The fastest way to get started — just tell Claude Code to set it up for you:

  1. Add to your .mcp.json (Claude Code) or claude_desktop_config.json (Claude Desktop):

{
  "mcpServers": {
    "whisper-telegram-mcp": {
      "command": "uvx",
      "args": ["whisper-telegram-mcp"],
      "env": {
        "TELEGRAM_BOT_TOKEN": "your-bot-token-here"
      }
    }
  }
}
  1. Restart Claude and say: "Set up my Telegram bot for voice transcription" — Claude will walk you through creating the bot with BotFather and configuring everything.

One command with uvx

uvx whisper-telegram-mcp

No installation needed -- uvx handles everything.

Or install with pip

pip install "whisper-telegram-mcp[all]"
whisper-telegram-mcp

Telegram Bot Setup

  1. Open Telegram and message @BotFather

  2. Send /newbot and follow the prompts to create a bot

  3. Copy the token (looks like 1234567890:ABCdef...)

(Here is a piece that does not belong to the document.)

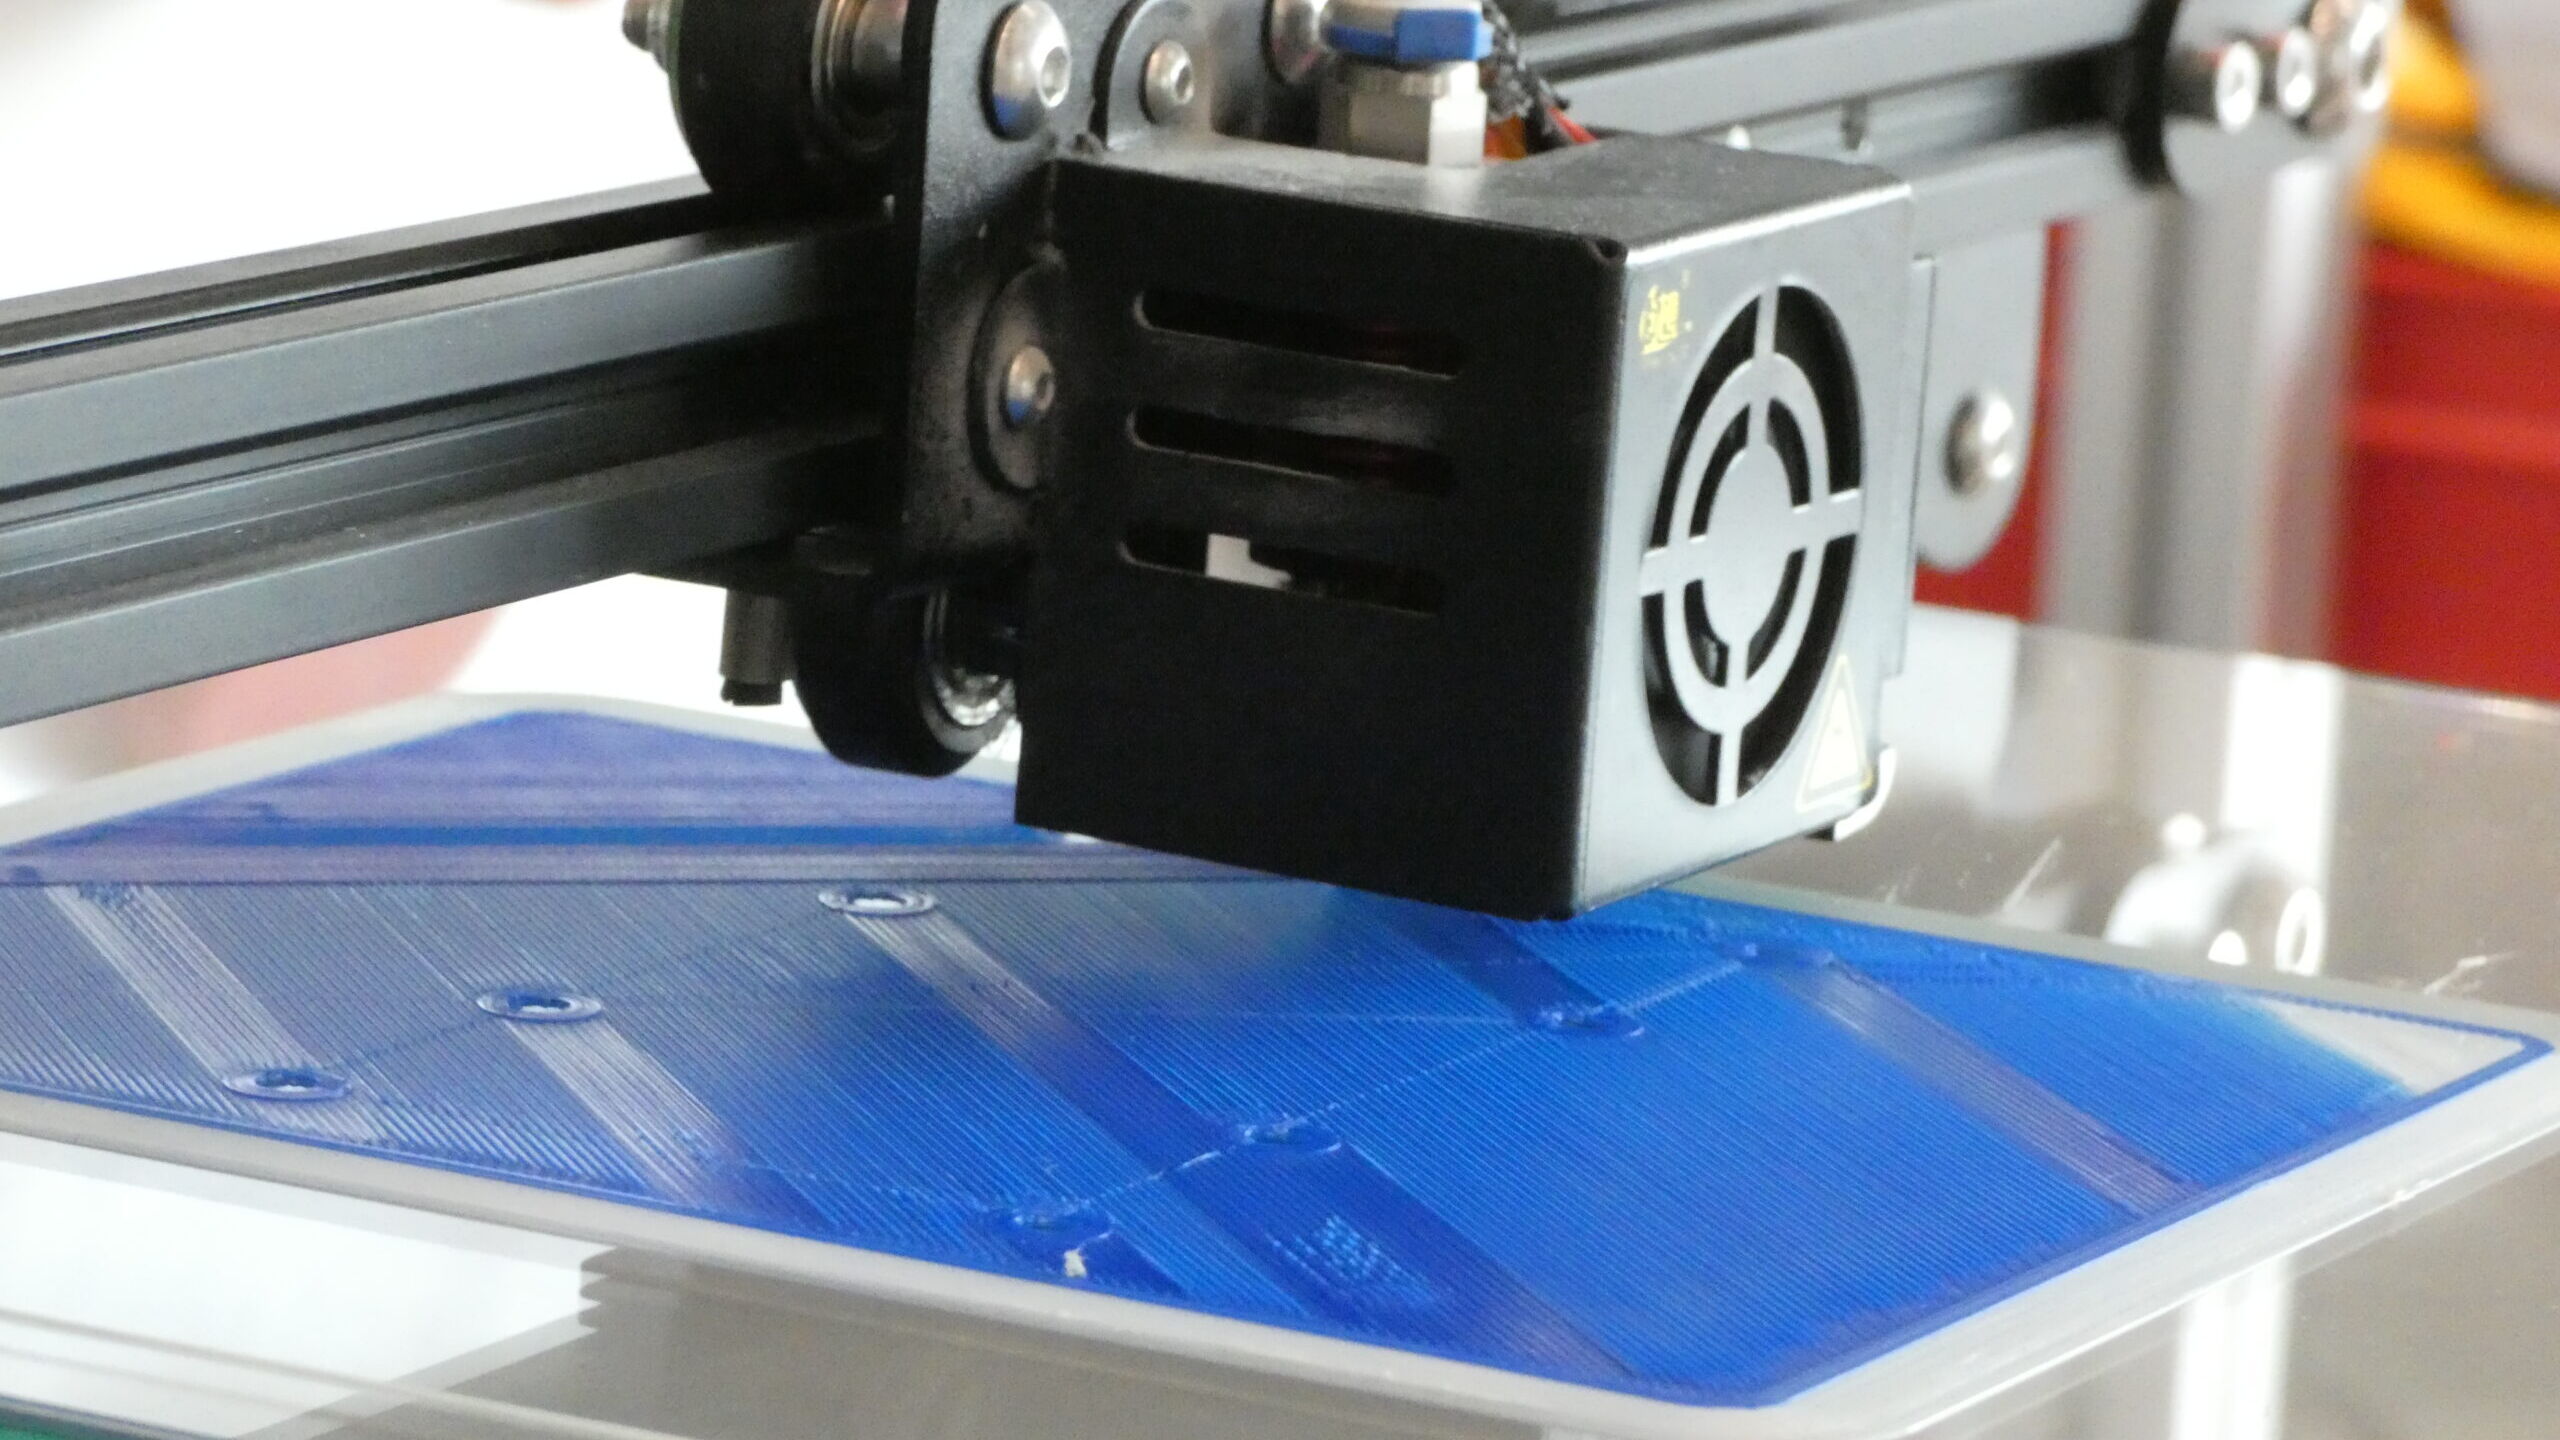 3D tiskárna na montážní lince dronů v Innovation Park v Biel/Bienne

  4. Add TELEGRAM_BOT_TOKEN to your MCP config env (see below)

  5. Message your bot to start — it'll only respond to approved users

The Claude Telegram plugin handles access control. See its docs for pairing/allowlist setup.

Integration

Claude Desktop

Add to your Claude Desktop config (~/Library/Application Support/Claude/claude_desktop_config.json):

{
  "mcpServers": {
    "whisper-telegram-mcp": {
      "command": "uvx",
      "args": ["whisper-telegram-mcp"],
      "env": {
        "WHISPER_MODEL": "base",
        "WHISPER_BACKEND": "auto",
        "TELEGRAM_BOT_TOKEN": "your-bot-token-here"
      }
    }
  }
}

Claude Code

Add to your project's .mcp.json:

{
  "mcpServers": {
    "whisper-telegram-mcp": {
      "command": "uvx",
      "args": ["whisper-telegram-mcp"],
      "env": {
        "WHISPER_MODEL": "base",
        "WHISPER_BACKEND": "auto",
        "TELEGRAM_BOT_TOKEN": "your-bot-token-here"
      }
    }
  }
}

Tools

Tool

Description

transcribe_audio

Transcribe a local audio file (OGG, WAV, MP3, etc.) to text

transcribe_telegram_voice

Download and transcribe a Telegram voice message by file_id

speak_text

Convert text to speech → OGG/Opus file (plays as voice note in Telegram)

list_models

List available Whisper model sizes with speed/accuracy info

check_backends

Check which backends (local/OpenAI) are available and configured

transcribe_audio

file_path: str        # Absolute path to audio file
language: str | None  # ISO-639-1 code (e.g. "en"), None = auto-detect
word_timestamps: bool # Include word-level timestamps (default: false)

transcribe_telegram_voice

file_id: str          # Telegram voice message file_id
bot_token: str | None # Bot token (falls back to TELEGRAM_BOT_TOKEN env var)
language: str | None  # ISO-639-1 code, None = auto-detect
word_timestamps: bool # Include word-level timestamps (default: false)

speak_text

Converts text to an OGG/Opus audio file. Automatically selects the best available TTS backend.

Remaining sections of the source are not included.